PH: I wanted to get a sense of how you handled your early-career management - that's the focus of the project. Obviously, as an academic, you had a lot of preparatory work in terms of your graduate studies. It would be great to get a sense from you, in a narrative form, of how you chose to become a professor, if there were bumps along the way -

DO: Okay. I did not choose initially to become a professor at all. I was a graduate student at Cornell University. I sort of went into physics because I found it interesting, and I guess I was good at it. When it came time to actually look for jobs, I really thought more about going into industry.

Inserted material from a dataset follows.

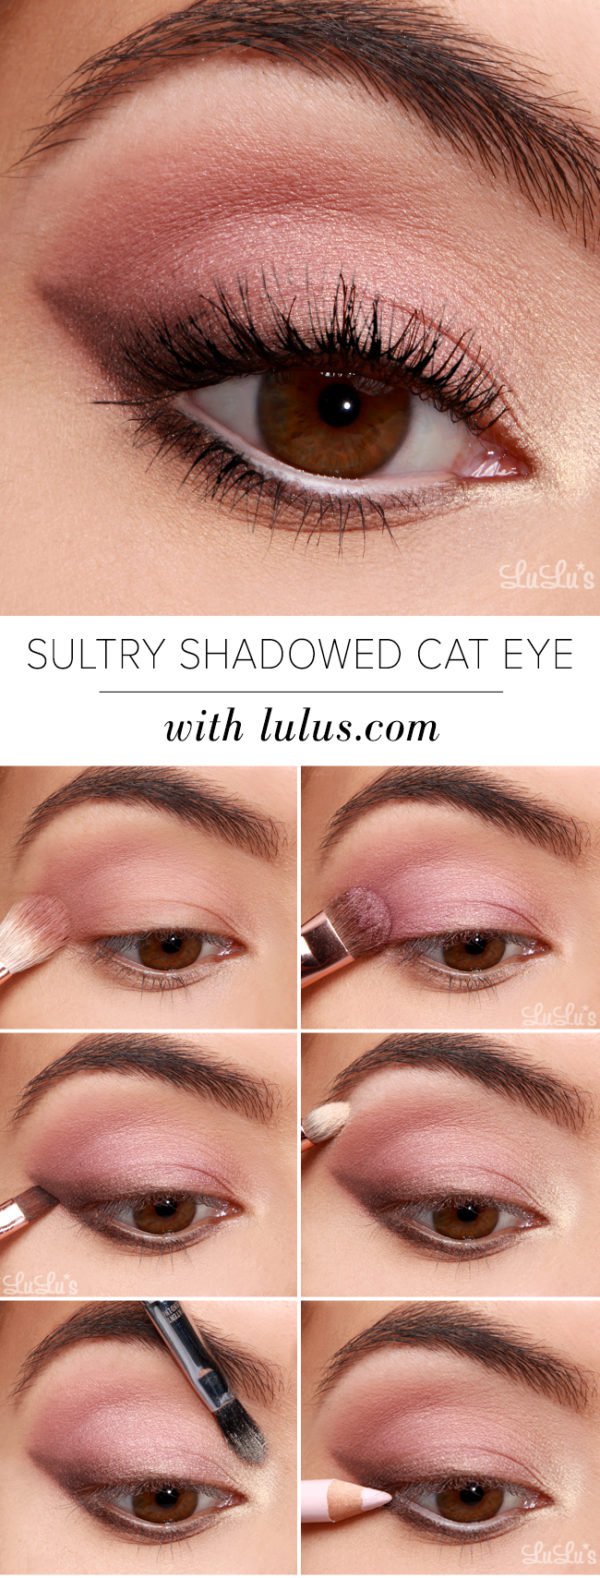 sultry-shadowed-cat-eyes-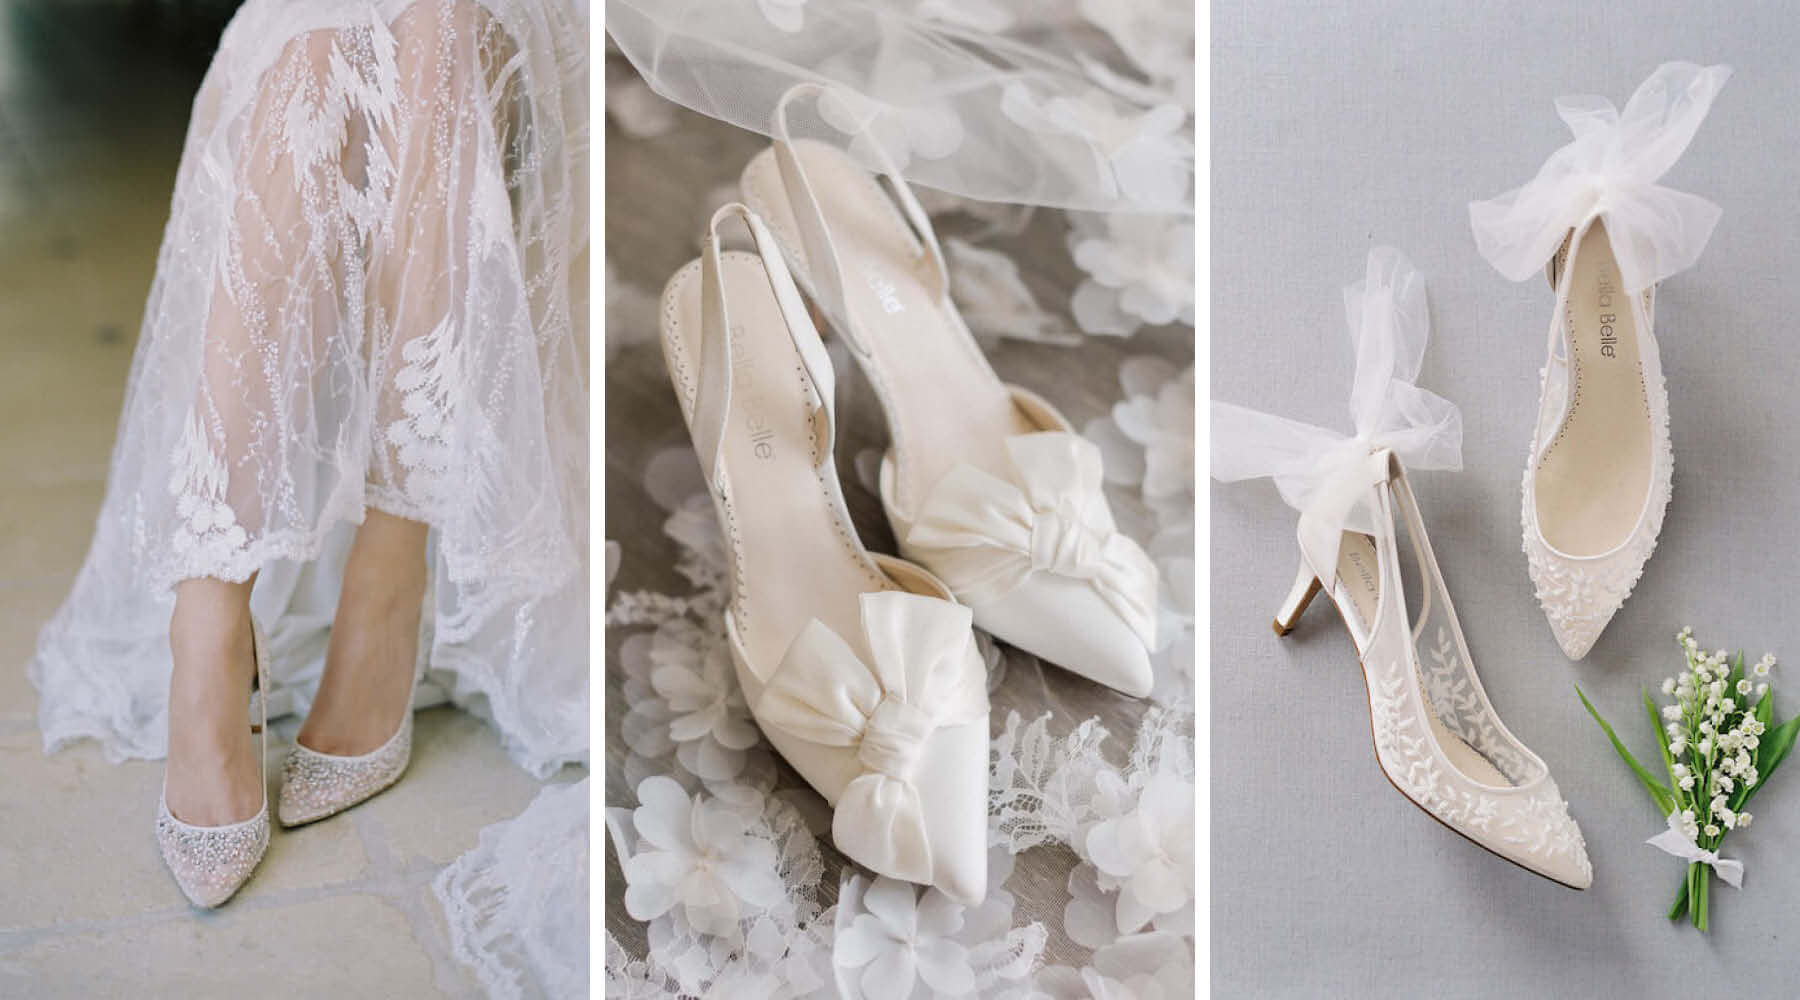 5 Common Fashion Mistakes Brides Make (and How to Avoid Them) - Black Bride

So I think the only - I only interviewed with two companies. One was AT&T/Bell Laboratories, and the other was General Electric. So I interviewed with AT&T in the spring of '71, and then again in the fall of '71. In the spring, there was a hiring freeze on, but some guy named Dean McCumber was talking to me about making little tiny switches or plugs or something that were used in the tens or hundreds of millions in the Bell system. I guess my conclusion was well, that was kind of interesting. I'm not sure that was what I wanted to do.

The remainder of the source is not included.